外交青書・白書
第3章 国益と世界全体の利益を増進する外交

3 グローバルな安全保障

(1)地域安全保障

アジア太平洋地域では、グローバルなパワーバランスの変化等に伴って安全保障環境が厳しさを増している一方、各国の政治・経済・社会体制は多様であるため、地域における安全保障面の協力の枠組みが十分に制度化されているとはいいがたい。少なくとも現時点において、例えば欧州における北大西洋条約機構(NATO)のような集団的防衛のための枠組みをアジア太平洋地域において設立することは現実的ではない。日本は、日米同盟の強化に加え、アジア太平洋地域を中心に、二国間、多国間の安全保障協力を重層的に組み合わせて、日本にとって望ましい地域における安全保障環境を実現していく必要がある。

こうした認識の下、日本は、戦略的利益を共有する国々と安全保障分野における協力関係強化に取り組んでいる。オーストラリアとは、外務・防衛閣僚協議(11月)を開催するとともに、日・オーストラリア円滑化協定の交渉を進めている。韓国とは、2015年12月の日韓外相会談で、慰安婦問題が最終的かつ不可逆的に解決されることを確認したことを受け、安全保障分野も含め日韓関係を未来志向の新時代へと発展させていく。ASEAN諸国との間では、インドネシアと初の外務・防衛閣僚協議(12月)を開催するなど、各国と安全保障に関する対話を強化しているほか、防衛装備品・技術移転協定について、2016年2月に、フィリピンと署名し、2015年5月にマレーシア、12月にインドネシアとも交渉を開始するなど、協力を着実に進めている。また、巡視艇の供与等を通じて、フィリピン、マレーシア、ベトナム等の海洋能力向上に向けた支援を行っている。インドとの間では、外相間戦略対話(1月、第8回)や次官級「2+2」対話(4月、第3回)の開催に加え、防衛装備品・技術移転協定及び秘密軍事情報保護協定の署名等により協力を着実に進めている。
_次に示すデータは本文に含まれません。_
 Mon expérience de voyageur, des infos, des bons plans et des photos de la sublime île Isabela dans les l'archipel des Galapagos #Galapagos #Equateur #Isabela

さらに、日本は、このような各国との二国間の協力関係強化に加え、日豪印次官級協議(6月及び2016年2月)、日米豪戦略対話高級事務レベル協議(9月)日米印外相会合(9月)日米韓外相会合(9月)等、3か国以上が参加する枠組みでの協力の推進を通じ、地域において、日米同盟を基軸とした平和と繁栄のためのネットワーク作りを進めている。

日本を取り巻く安全保障環境の安定のためには、中国やロシアとの間でも信頼関係の増進に取り組む必要がある。日中関係は、最も重要な二国間関係の1つであり、「戦略的互恵関係」の更なる推進に努めている。一方、中国の透明性を欠いた軍事力の広範かつ急速な強化や、海空域における活動の活発化は地域共通の懸念事項であり、中国に対しては様々な機会において国防政策の透明性向上や国際的な行動規範の遵守を働き掛けている。また、日中双方は、「日中防衛当局間の海空連絡メカニズム」の早期運用開始が重要であるという点で一致しており、その実現に向けて努めている。ロシアとの間では、2015年に2回の首脳会談(9月及び11月)を行い、9月の岸田外務大臣の訪露では平和条約締結交渉を再開するなど、政治対話を積極的に行っている。
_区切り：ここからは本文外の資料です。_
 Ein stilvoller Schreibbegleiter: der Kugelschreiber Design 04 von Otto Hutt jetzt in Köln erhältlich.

さらに、欧州各国との間では、外務・防衛当局間協議を英国(9月、第14回)、フランス(9月、第18回)と開催した。また、中東各国とは、エジプトと初の外務・防衛当局間協議(10月)を行ったほか、安全保障対話をサウジアラビア(3月、第1回)、アラブ首長国連邦(12月、第1回)バーレーン(12月、第2回)と実施した。

これらに加え、日本は、EASARF拡大ASEAN国防相会議(ADMMプラス)など、地域における多国間の枠組みに積極的に参加・貢献し、地域の安全保障面での協力強化に取り組んでいる。このうちARFは、政治・安全保障問題に関する対話と協力を通じた、アジア太平洋地域の安全保障環境の向上を目的としており、北朝鮮やEUを含め参加国・地域数が多いことからも、安全保障協力を進める上で重要なフォーラムである。8月のARF閣僚会合には、岸田外務大臣が出席し、日本の「積極的平和主義」の取組を説明するとともに、南シナ海、北朝鮮などの地域・国際情勢を中心に率直な意見交換を行った。またARFは、協議にとどまらず、災害救難、テロ対策、海上安全保障、不拡散・軍縮等の分野を中心に具体的協力を行う枠組みとしても発展してきている。日本は、海上安全保障、災害救難に関する期間会合(ISM)の共同議長国を務めているほか、5月に信頼醸成措置及び予防外交に関する会合を共同議長国として東京で開催するなど、積極的な貢献を行っている。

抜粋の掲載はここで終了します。